But even "simple" frequency increases are increasingly becoming not so simple. And this has driven the industry to look at solutions other than cranking up the clocks.
With GDDR6X, Micron and NVIDIA replaced traditional non-return-to-zero (NRZ/PAM2) encoding with four-level pulse amplitude modulation (PAM4) encoding. PAM4 increases the effective data transmission rate to two data bits per cycle using four signal levels, thus enabling higher data transfer rates. In practice, because GDDR6X has a burst length of 8 bytes (BL8) when it operates in PAM4 mode, it is not faster than GDDR6 at the same data rate (or rather, signaling rate), but rather is designed to be able to reach higher data rates than what GDDR6 can easily accomplish.

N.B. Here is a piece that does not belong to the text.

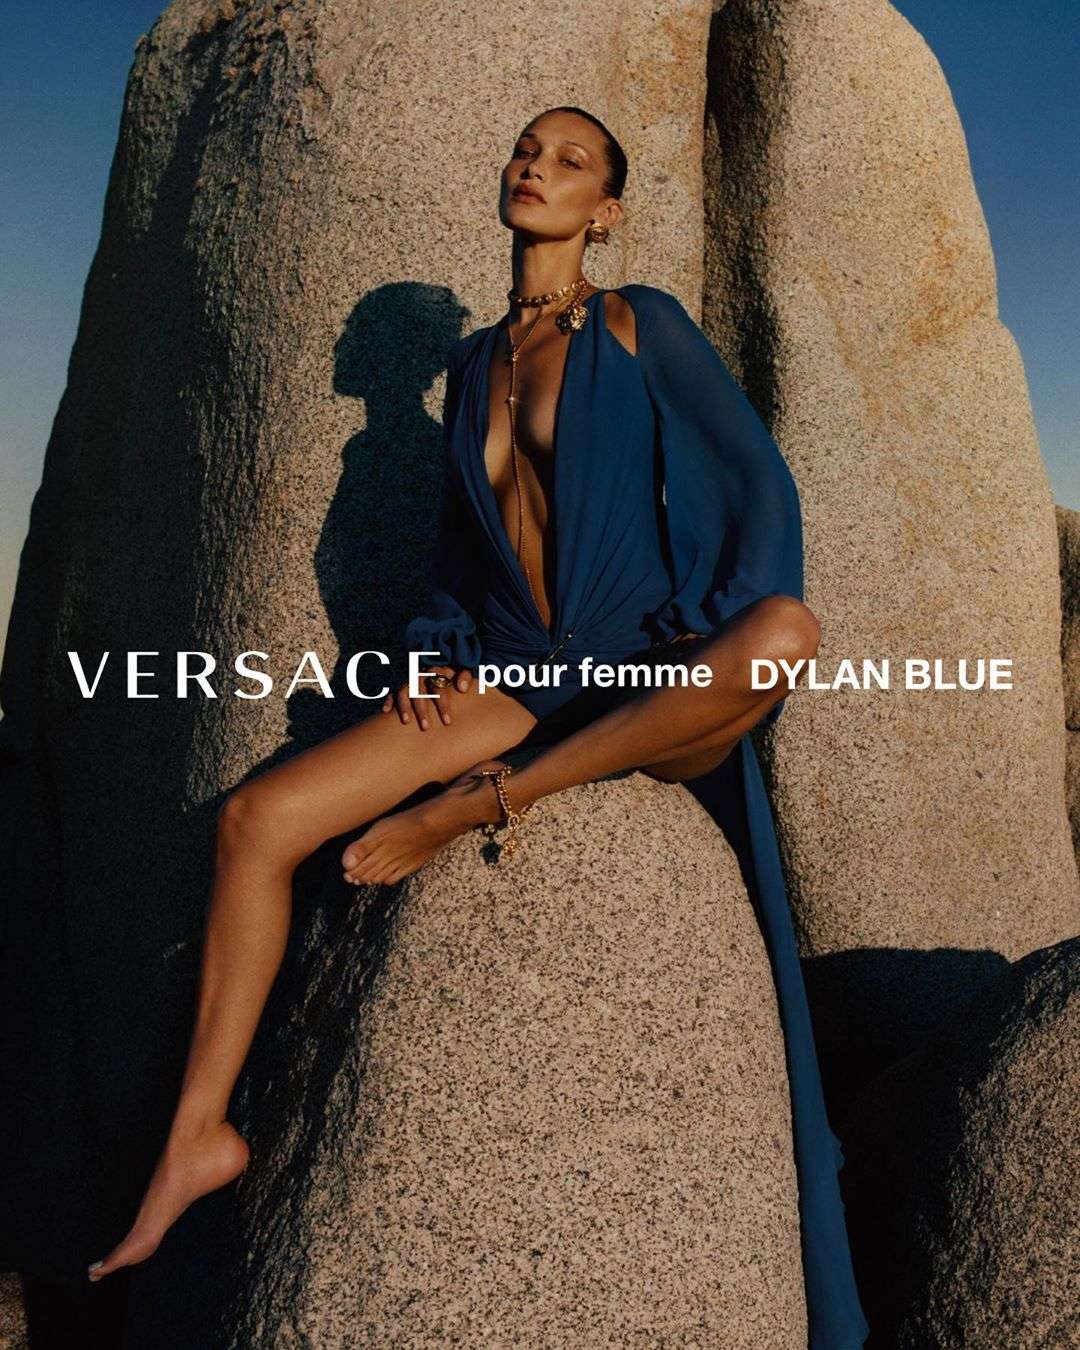 Итальянская чувственность: Белла Хадид и Хейли Бибер снялись в сексуальной рекламе Versace - фото 491419

Four-level pulse amplitude modulation has an advantage over NRZ when it comes to signal loss. Since PAM4 requires half the baud rate of NRZ signaling for a given data rate, the signal losses incurred are significantly reduced. As higher frequency signals degrade more quickly as they travel through a wire/trace - and memory traces are relatively long distances by digital logic standards - being able to operate at what's essentially a lower frequency bus makes some of the engineering and trace routing easier, ultimately enabling higher data rates.

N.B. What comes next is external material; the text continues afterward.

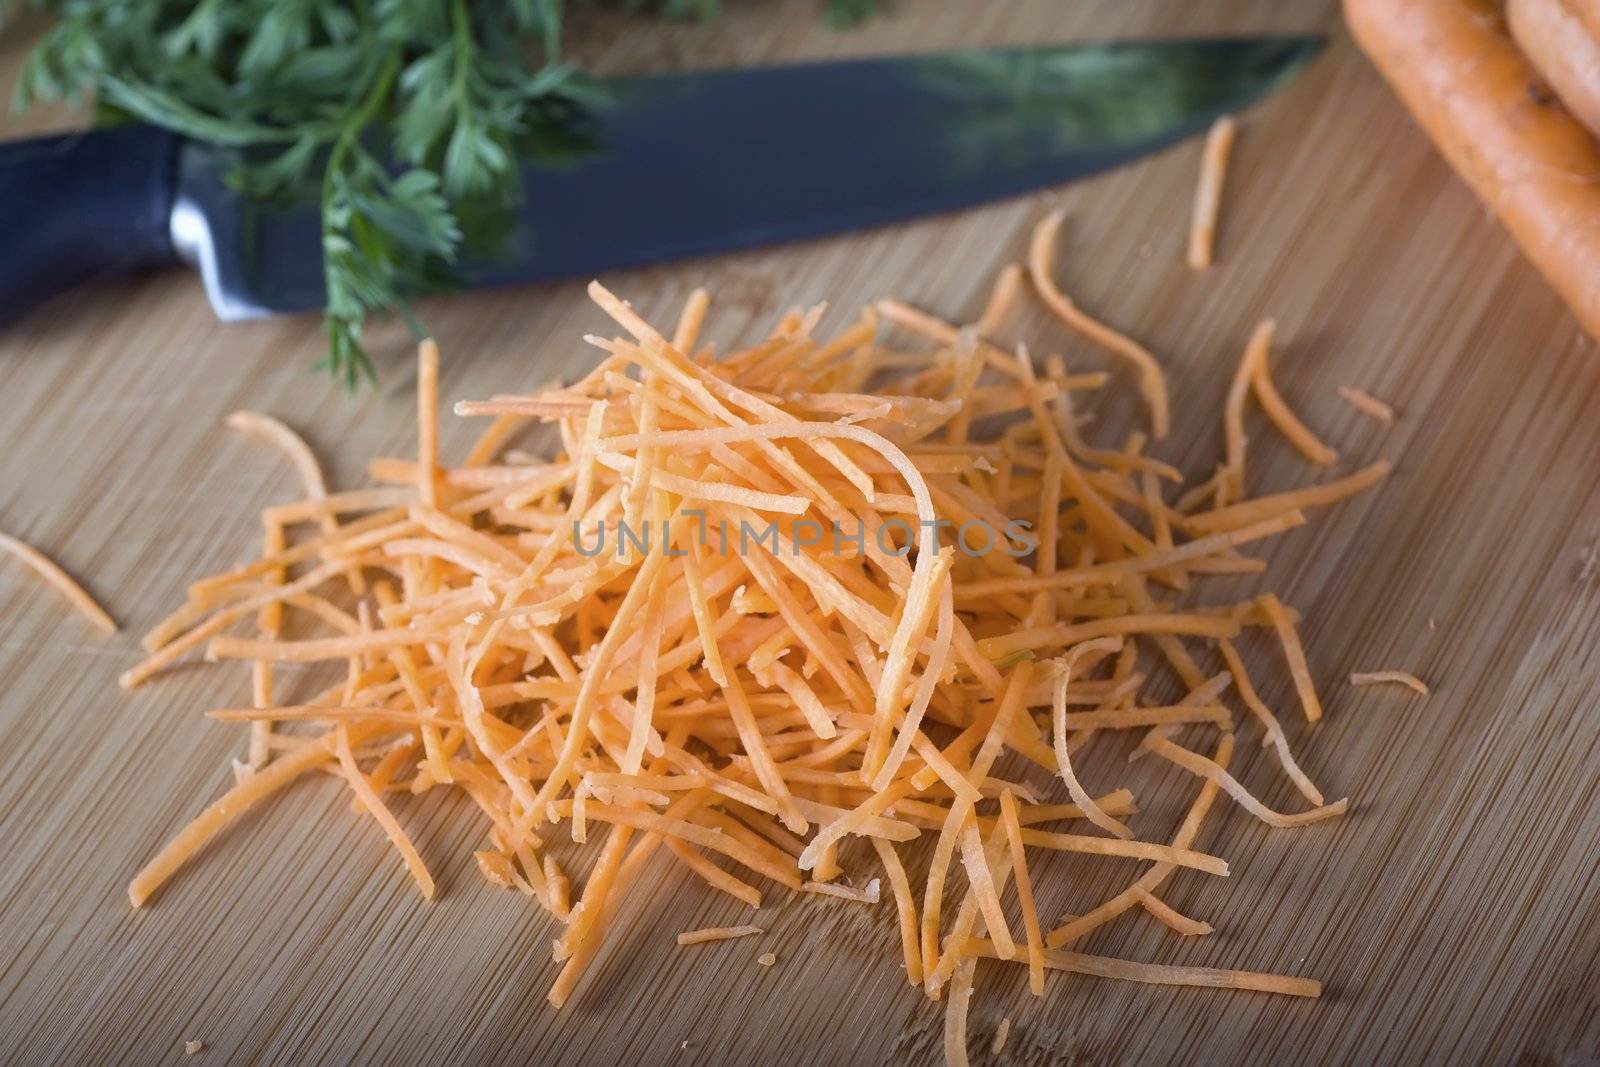 Shredded Carrots by charlotteLake
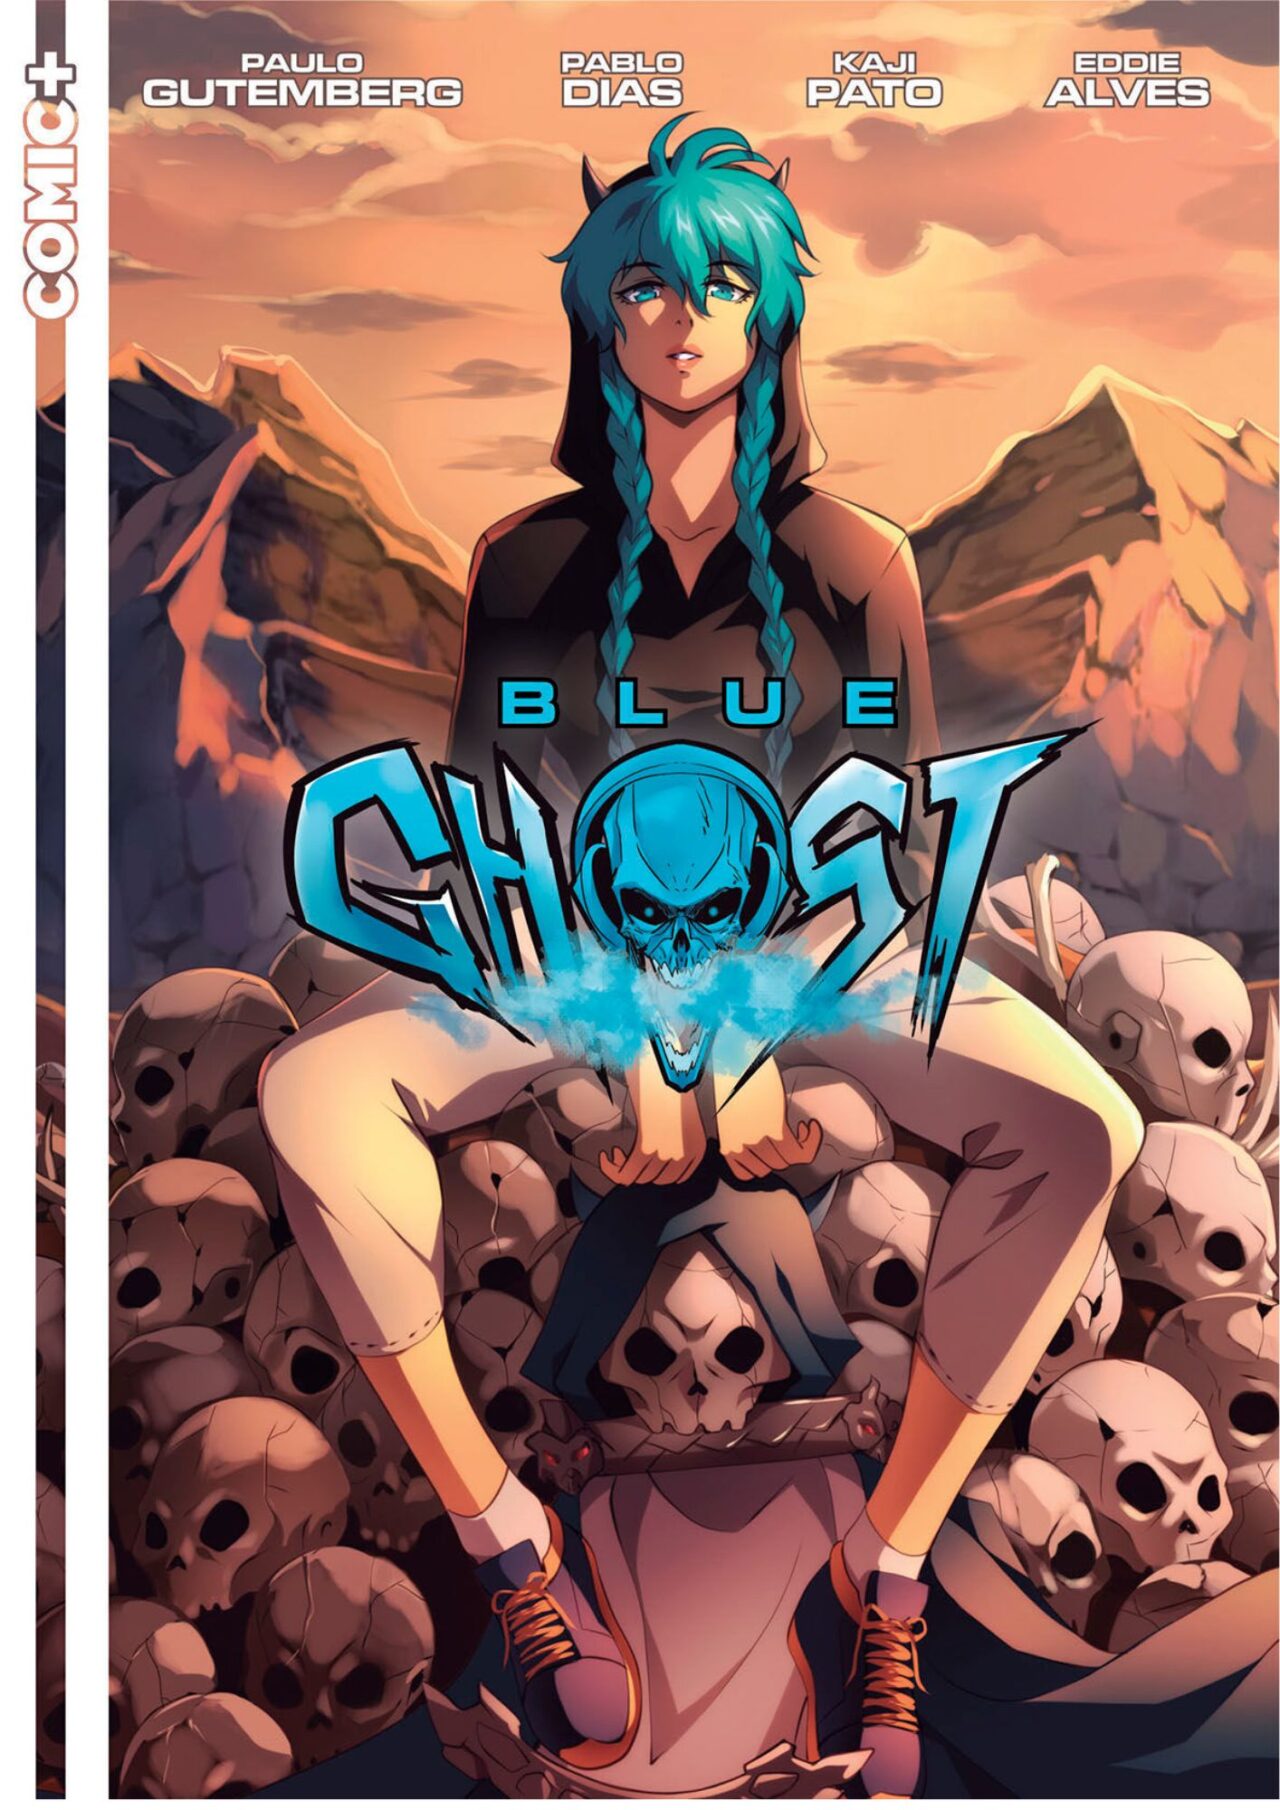 Blue Ghost traz nova super-heroína dos quadrinhos nacionais

The trade-off is that PAM4 signaling in general is more sensitive to random and induced noise; in exchange for a lower frequency signal, you have to be able to correctly identify twice as many states. In practice, this leads to a higher bit error rate at a given frequency. To reduce BER, equalization at the Rx end and pre-compensation at the Tx end have to be implemented, which increases power consumption. And while it's not used in GDDR6X memory, at higher frequencies (e.g. PCIe 6.0), forward-error correction (FEC) is a practical requirement as well.
And, of course, GDDR6X memory subsystems require an all-new memory controllers, as well as a brand-new physical interface (PHY) both for processors and memory chips. These complex implementations are to a large degree the main reasons why four-level coding has, until very recently, been almost exclusively used for high-end datacenter networking, where the margins are there to support using such cutting-edge technology.

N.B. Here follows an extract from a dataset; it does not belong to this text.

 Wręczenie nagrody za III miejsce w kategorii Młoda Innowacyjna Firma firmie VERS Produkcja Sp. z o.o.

GDDR7: PAM3 Encoding for Up to 36 Gbps/pin
Given the trade-offs mentioned above in going with either PAM4 signaling or NRZ signaling, it turns out that the JEDEC members behind the GDDR7 memory standard are instead taking something of a compromise position. Rather than using PAM4, GDDR7 memory is set to use PAM3 encoding for high-speed transmissions.
As the name suggests, PAM3 is something that sits between NRZ/PAM2 and PAM4, using three-level pulse amplitude modulation (-1, 0, +1) signaling, which allows it to transmit 1.5 bits per cycle (or rather 3 bits over two cycles). PAM3 offers higher data transmission rate per cycle than NRZ – reducing the need to move to higher memory bus frequencies and the signal loss challenges those entail – all the while requiring a laxer signal-to-noise ratio than PAM4. In general, GDDR7 promises higher performance than GDDR6 as well as lower power consumption and implementation costs than GDDR6X.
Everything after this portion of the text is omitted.